→ **Work to be completed**
Your task is to return the listing below word for word, without any of its images.

→ **Information shown**
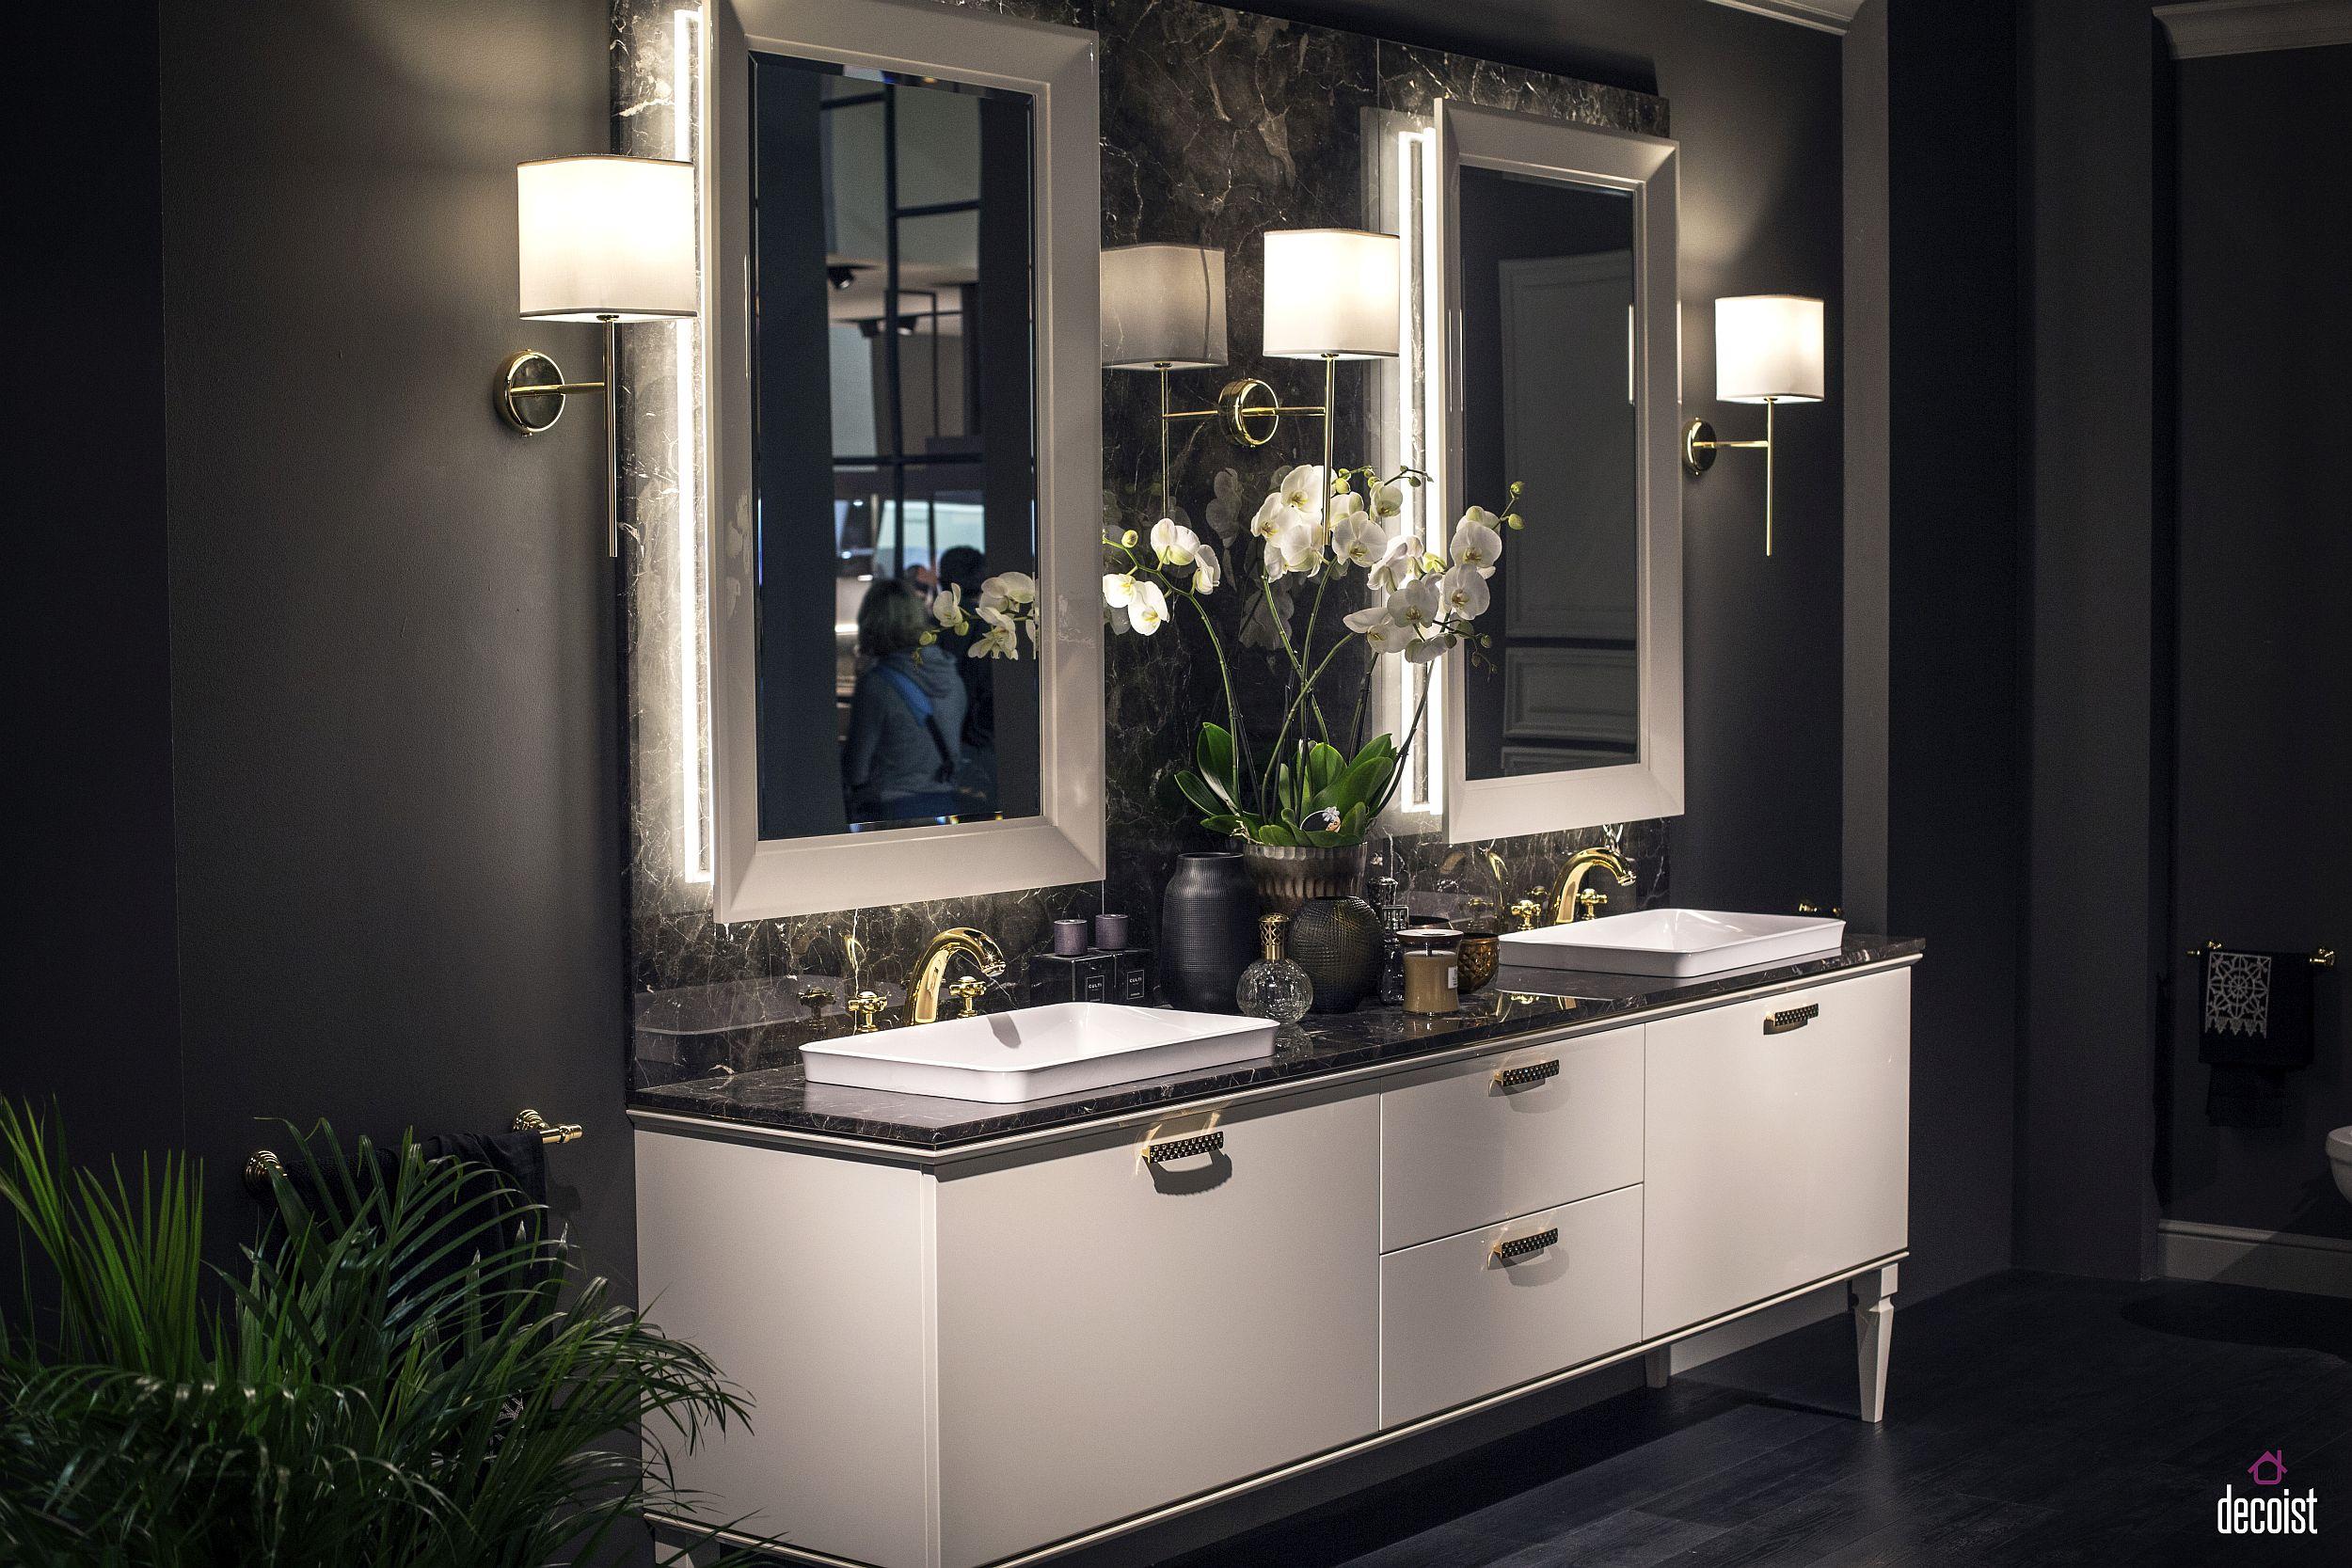 Contemporary bathroom design from Scavolini
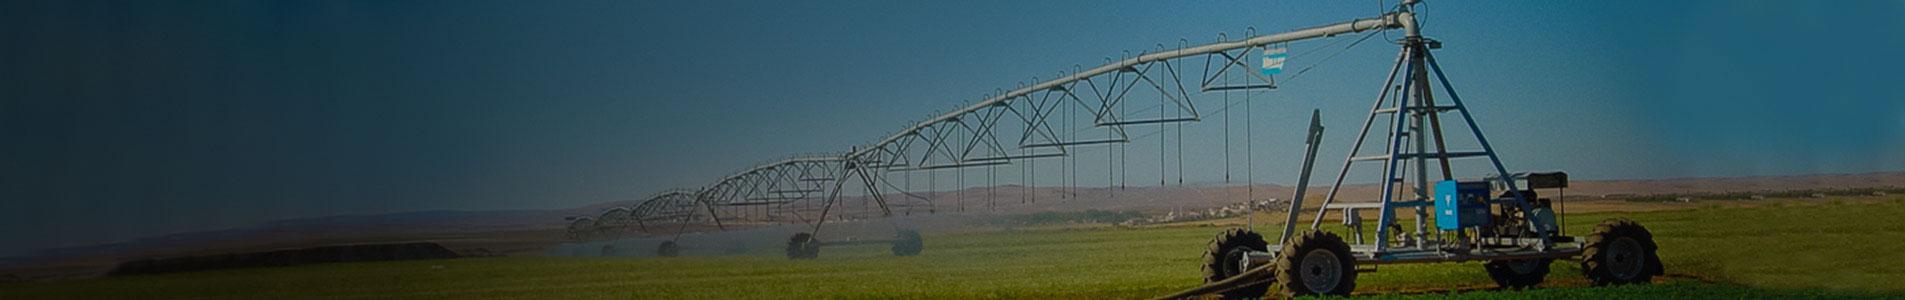 valley universal linear irrigation machine
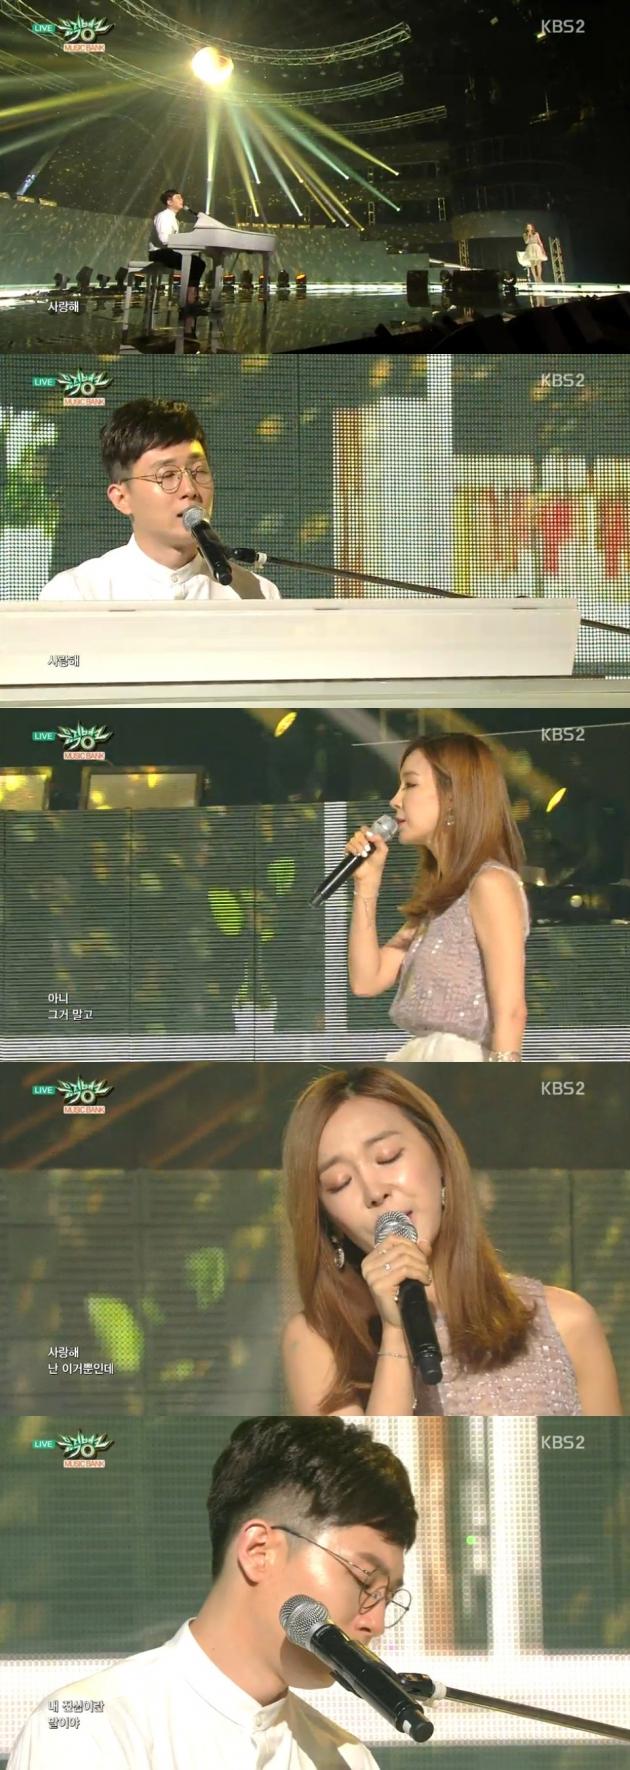 뮤직뱅크 이지혜 / 뮤직뱅크 사진=KBS2 제공

→ **Answer to this exercise**
 Contemporary bathroom design from Scavolini
 valley universal linear irrigation machine
 뮤직뱅크 이지혜 / 뮤직뱅크 사진=KBS2 제공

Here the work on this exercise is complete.